Jil McIntosh
That was driven home for me at a recent Toyota event, where company reps spent the lunch break bashing diesels. Toyota doesn't sell diesels in Canada or the U.S., and for some reason its Canadian branch is on a diesel tirade: almost every event now includes a presentation explaining that "clean diesel" is an oxymoron, and that diesels are inefficient compared with hybrids.
That was fine, until the company drew parallels between a high percentage of diesel vehicles in London, Eng., and a high number of premature deaths, presumably because of the resulting air pollution.
Unwilling to let death-by-diesel go unchallenged, I asked why, if these chilling London statistics mean so much, Toyota continues to sell diesel-powered vehicles by the boatload in Europe. The long, carefully worded answer boiled down to this: European customers buy far more diesels than gasoline-powered cars.
Toyota certainly isn't alone in providing the market with what it wants. Every auto company, no matter how warm 'n' fuzzy its advertising looks, would gladly sell you a car that runs on endangered whale oil or crushed kittens if it knew it could move a million of them out the door.
Automakers put out the product, but it's "we the people" who decide what sinks or swims.
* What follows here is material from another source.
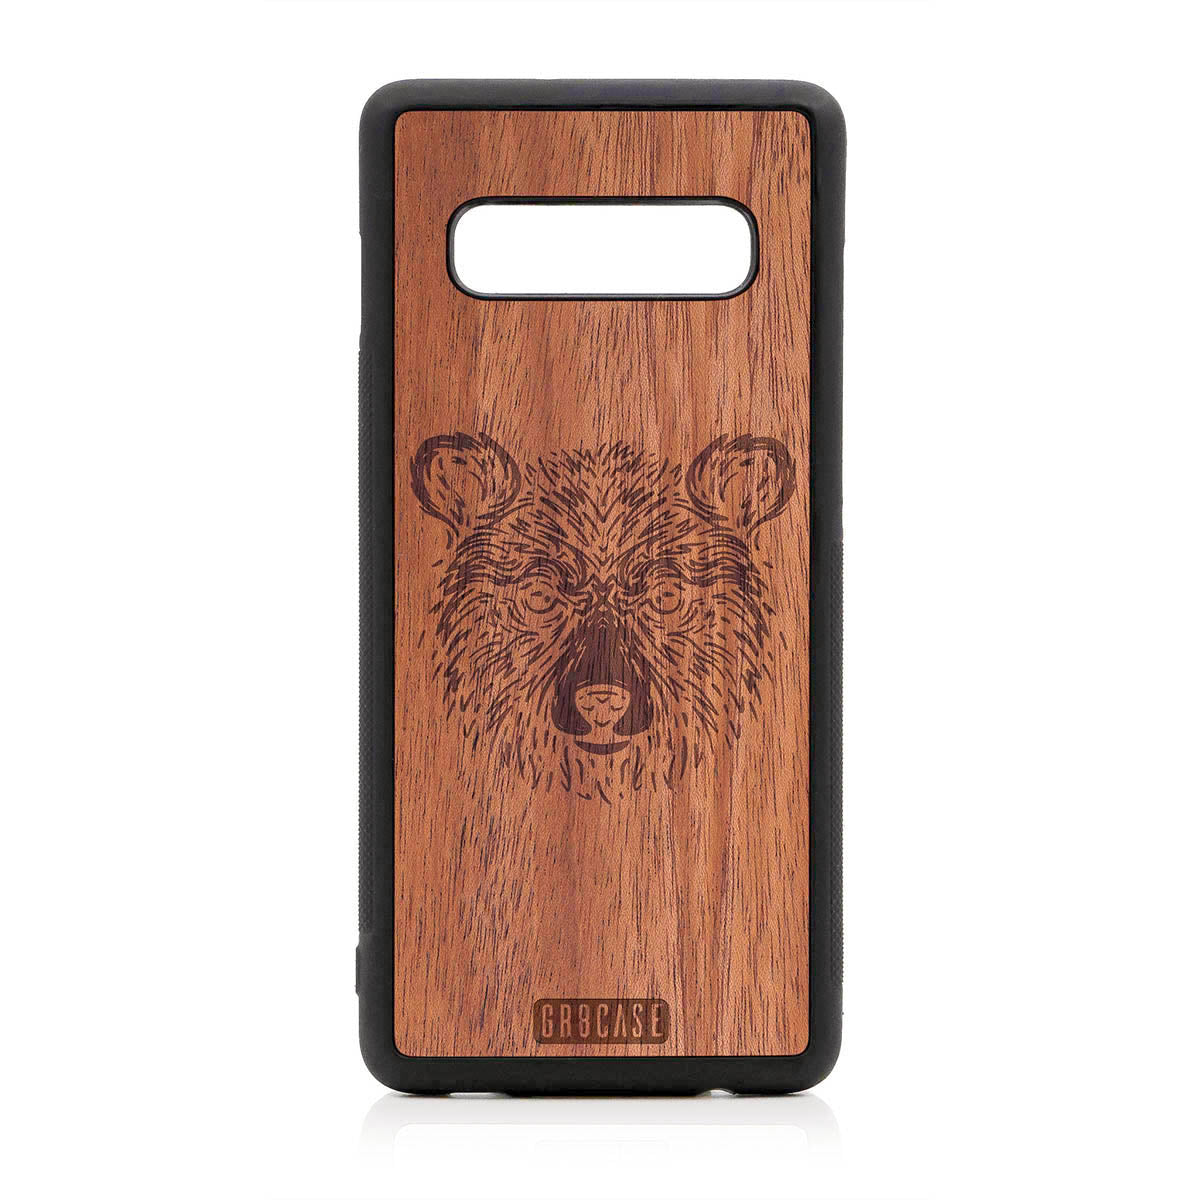 Furry Bear Design Wood Case For Samsung Galaxy S10 Plus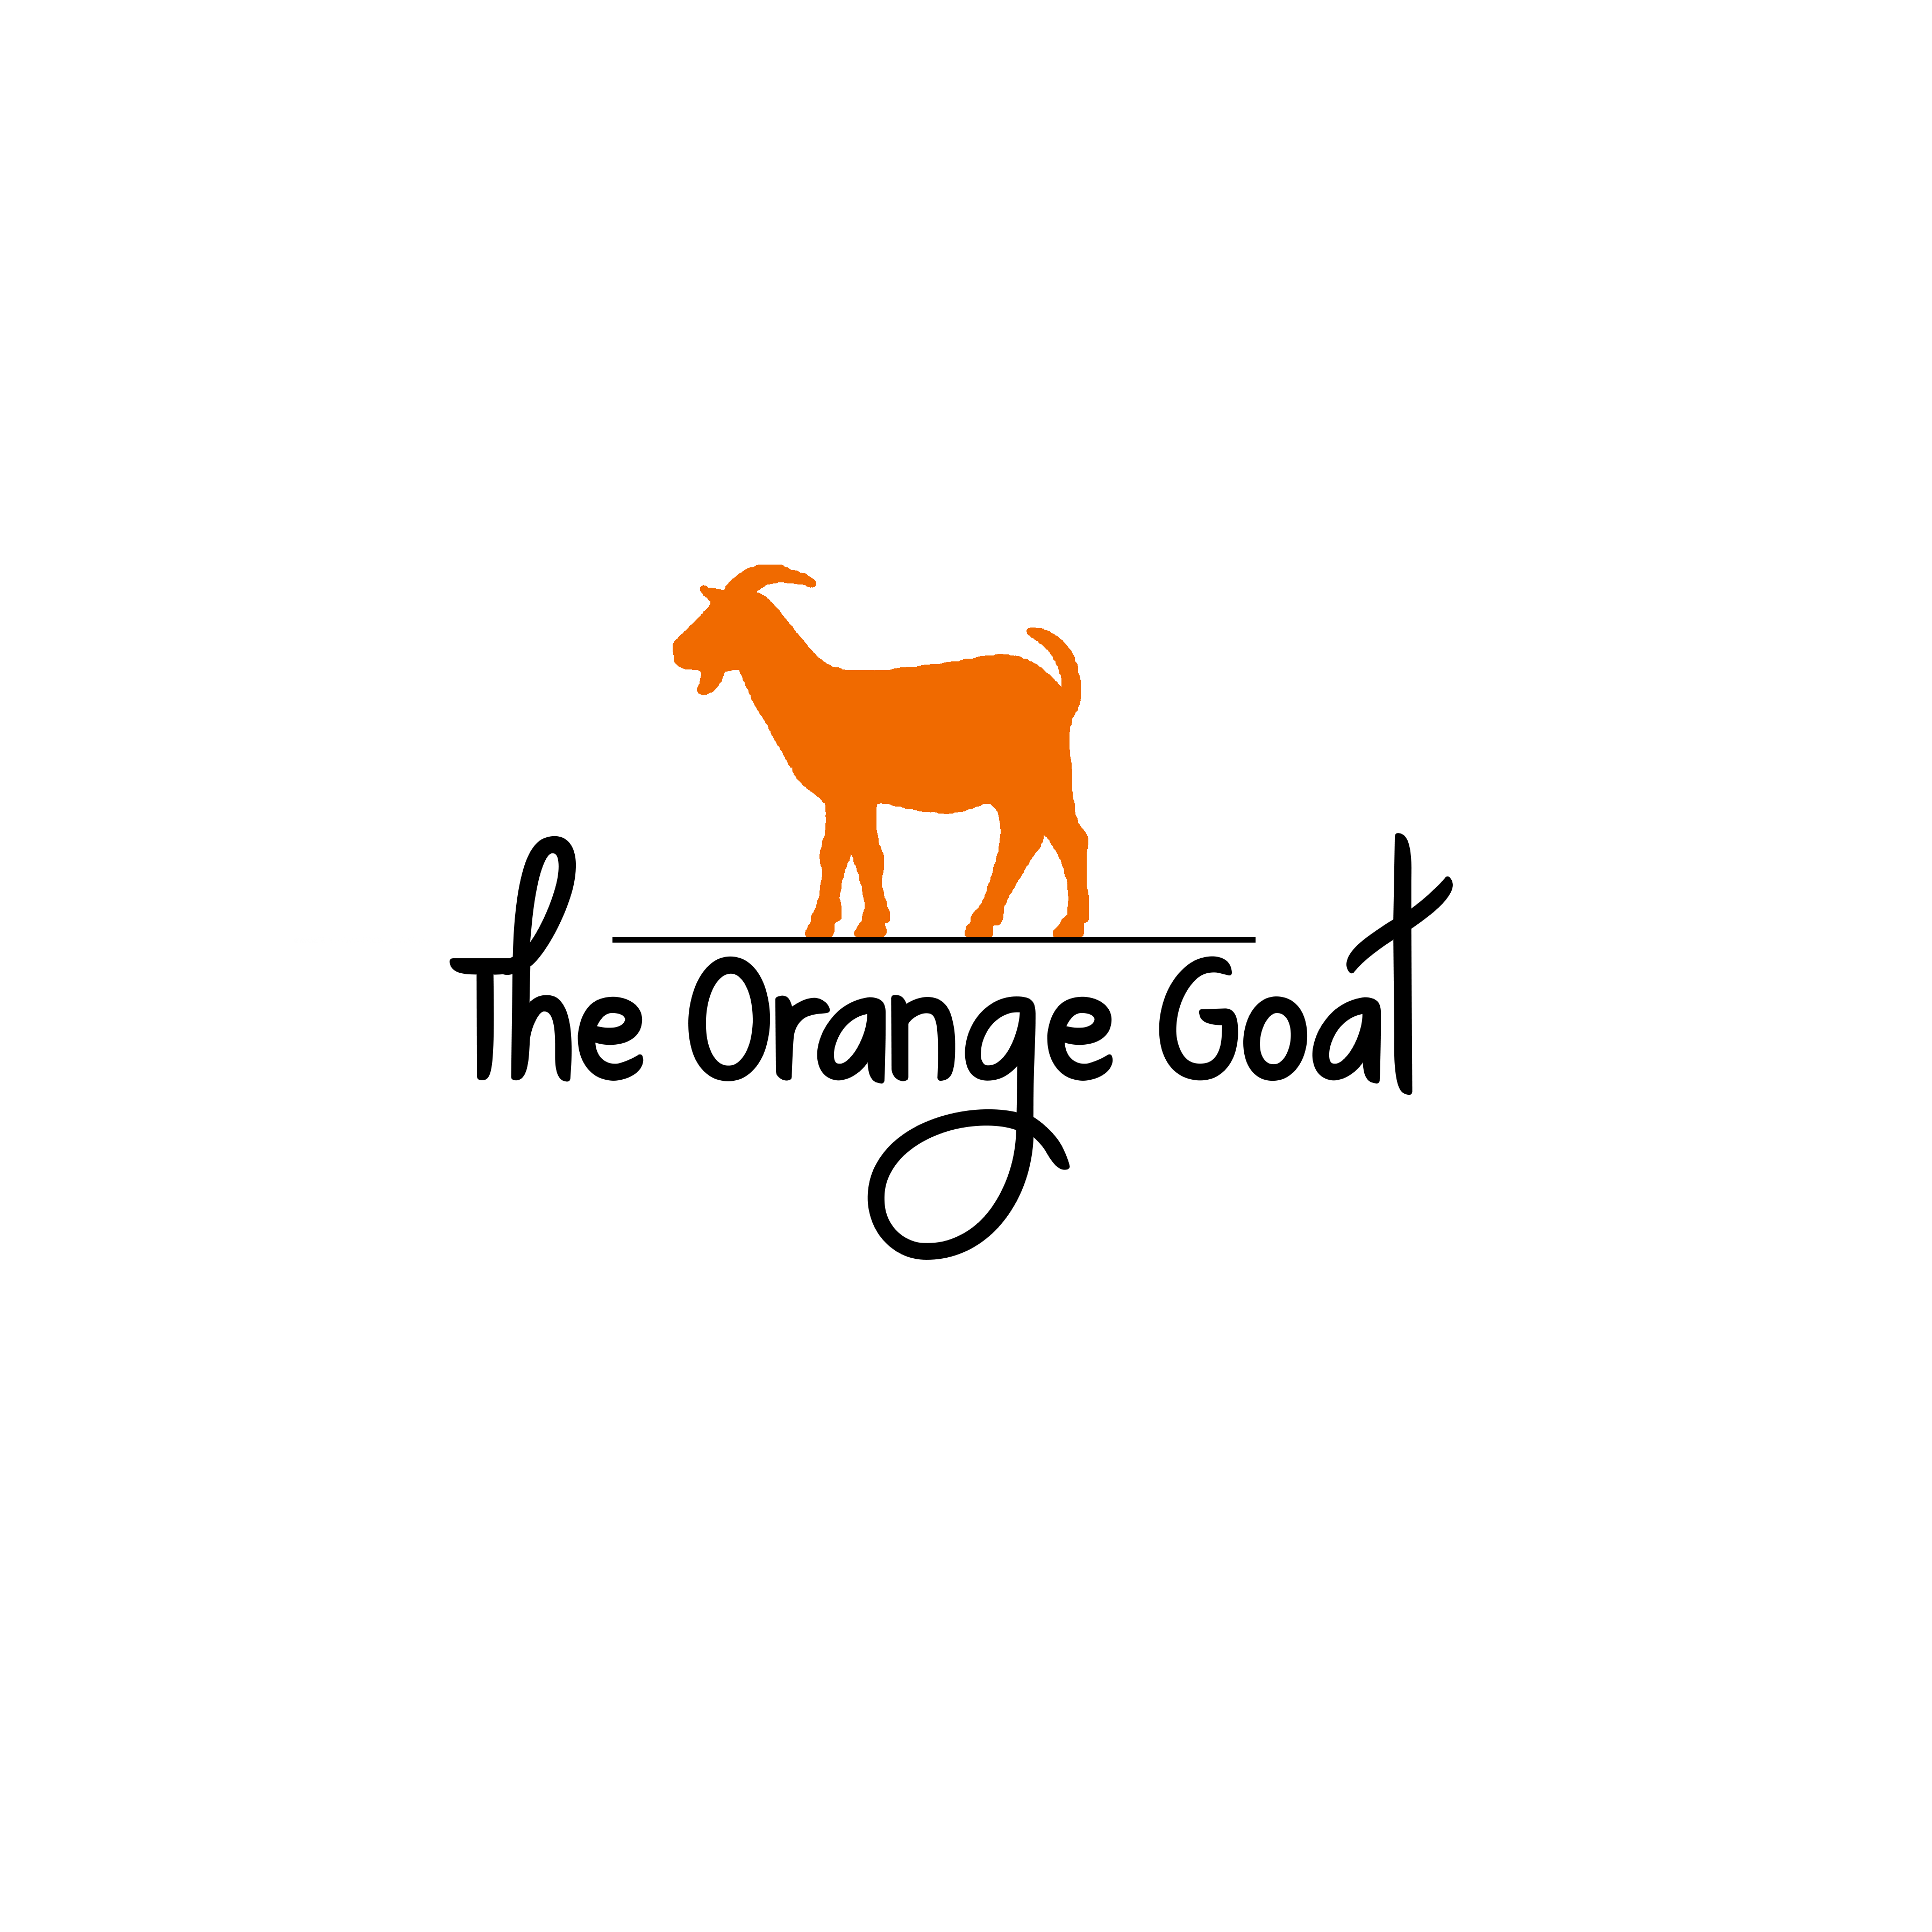 The Orange Goat

Buyers told Ford it was possible to make an SUV too big and so the Excursion flopped. Likewise, GM discovered its mild-hybrid mid-size sedans carried too high a price premium and they're gone. Four-wheel steering, automatic seatbelts, talking door-ajar warnings and a $100,000 Volkswagen – all were sent out with the best of intentions and were quietly discontinued when the public said otherwise.
The only decision that's really out of our hands is infrastructure, and even then it's early adopters in serviced areas who lead us toward our automotive future, whether it's pumping ethanol, plugging in electric cars or fuelling with hydrogen.
Honda has a hand in just about every type of propulsion. Why such diversification?
According to Honda Canada, it's because no one's sure which way the market will go, and when sales and infrastructure move in a particular direction, the company is ready.
We also have to remember that environmental decisions go beyond the showroom, and how we use the vehicles can be just as important as what we buy. My brother's Ferrari, for example, does less environmental damage than my friend's Civic: the Honda's daily commute racks up more kilometres in a week than the Ferrari covers in a year. We could collectively put a massive dent in fuel consumption just by checking tire pressure and adopting a few more fuel-efficient driving techniques, even before we exchange a single V8 for a hybrid.
The bottom line is that auto corporations aren't benevolent. They recycle at their factories because it saves them money; they add safety features because of government regulations and the competitive sales edge; and they offer small cars, big SUVs, hybrids, diesels, and new technologies in the markets most likely to buy them.
If there's going to be change, it will ultimately come from us.